Copy out exactly the lines beginning with the one that contains "landscape charcoal sketches - photo #4" and ending at the last line of the listing, skipping any pictures.

■ **Information supplied**
※ ※ ※

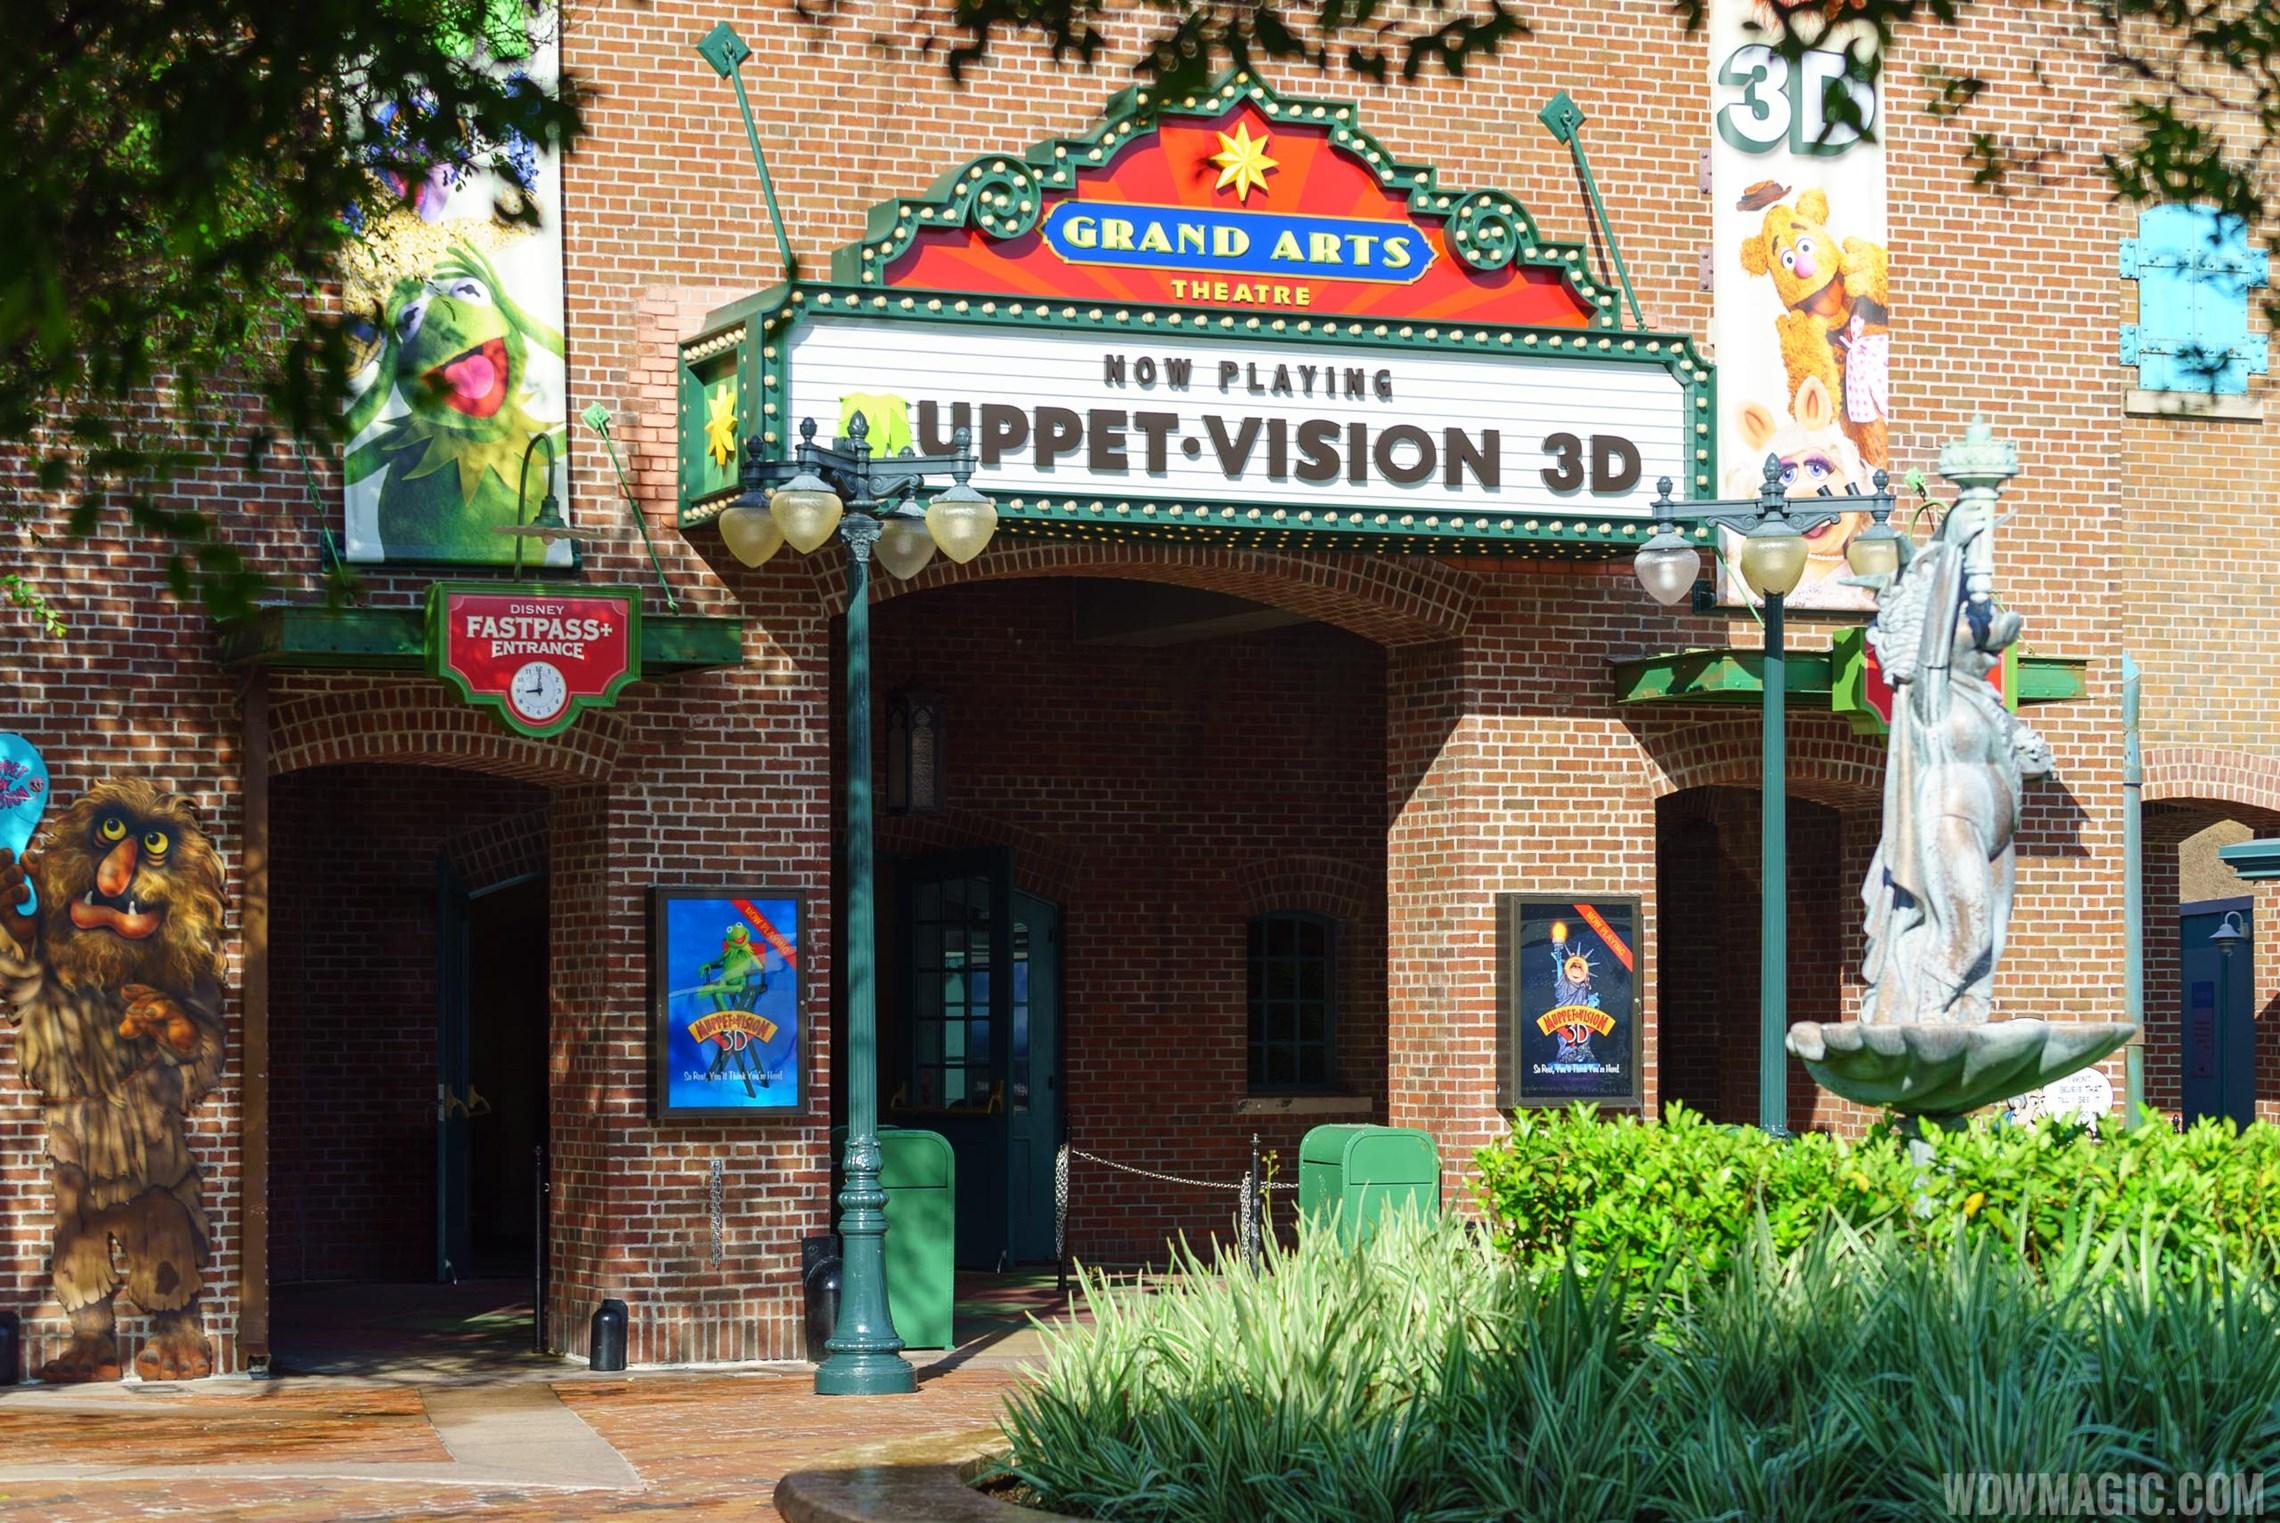 MuppetVision 3D closed for refurbishment
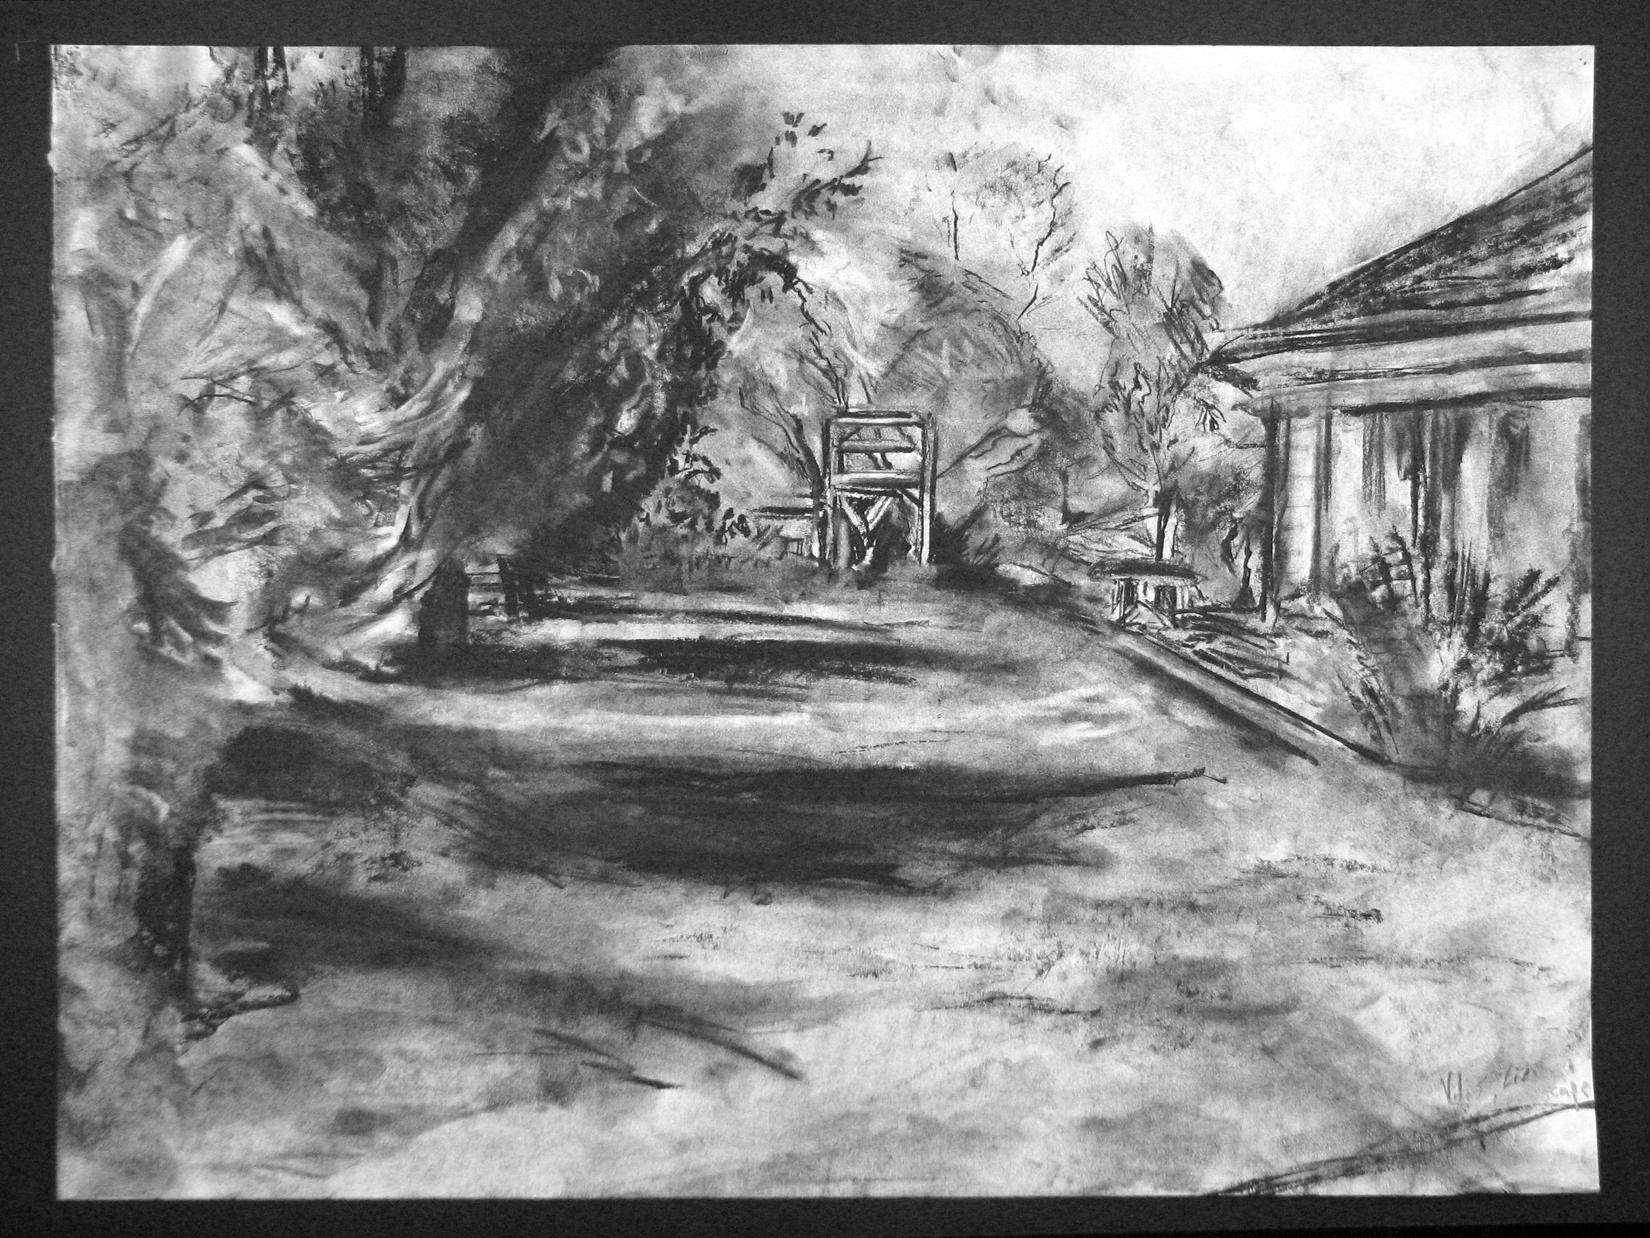 landscape charcoal sketches - photo #4
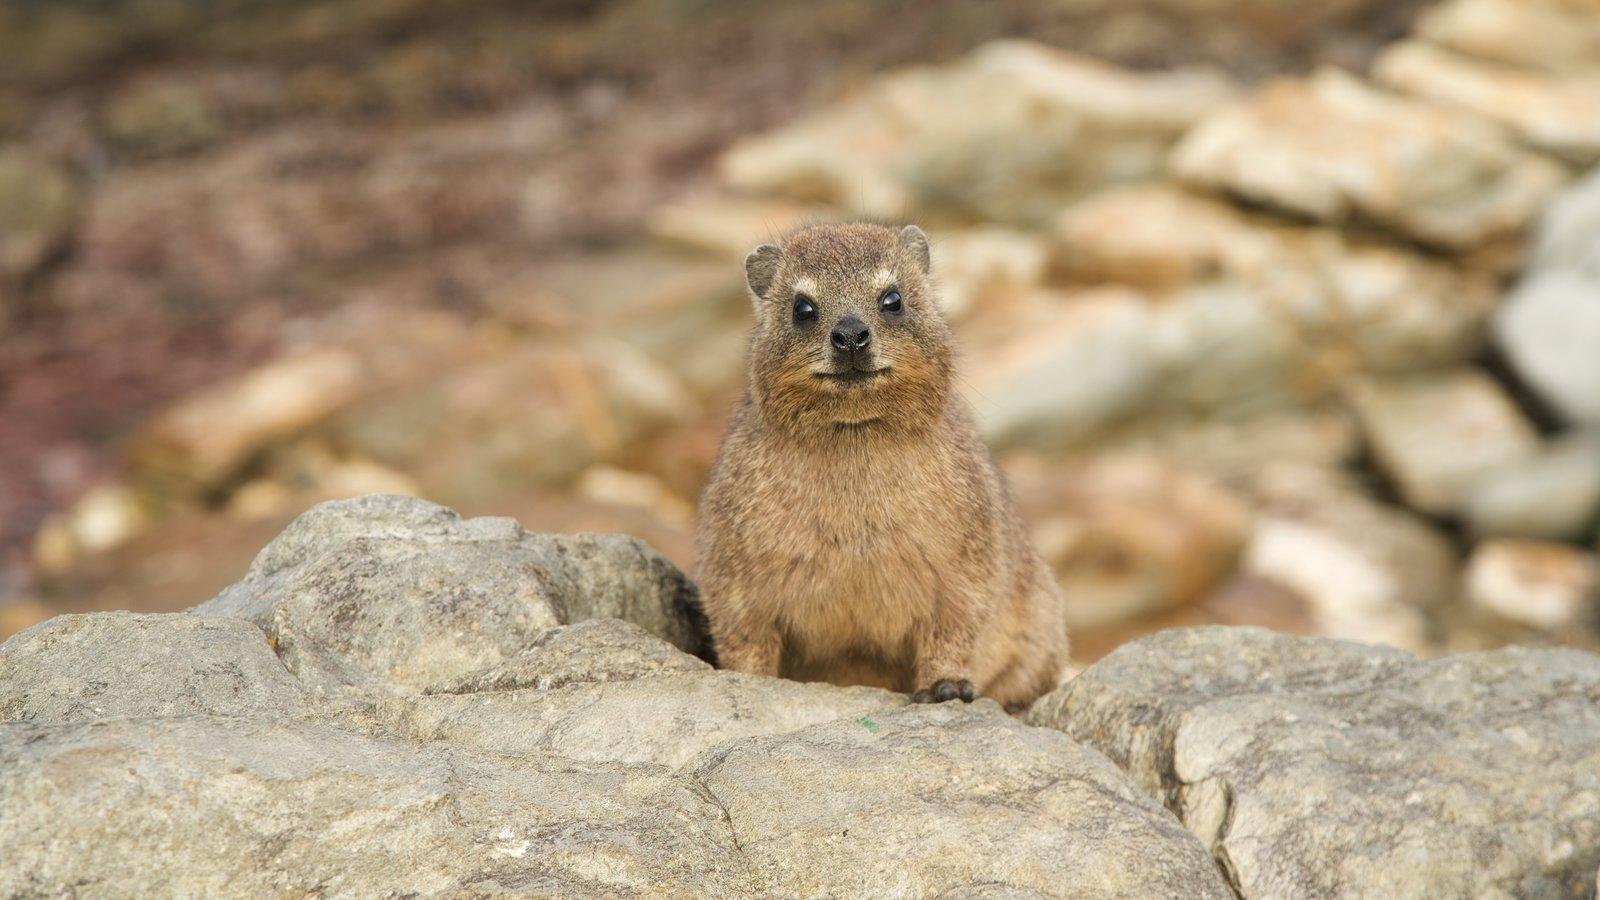 Tsitsikamma National Park featuring cuddly or friendly animals

※ ※ ※

■ **Task result**
 landscape charcoal sketches - photo #4
 Tsitsikamma National Park featuring cuddly or friendly animals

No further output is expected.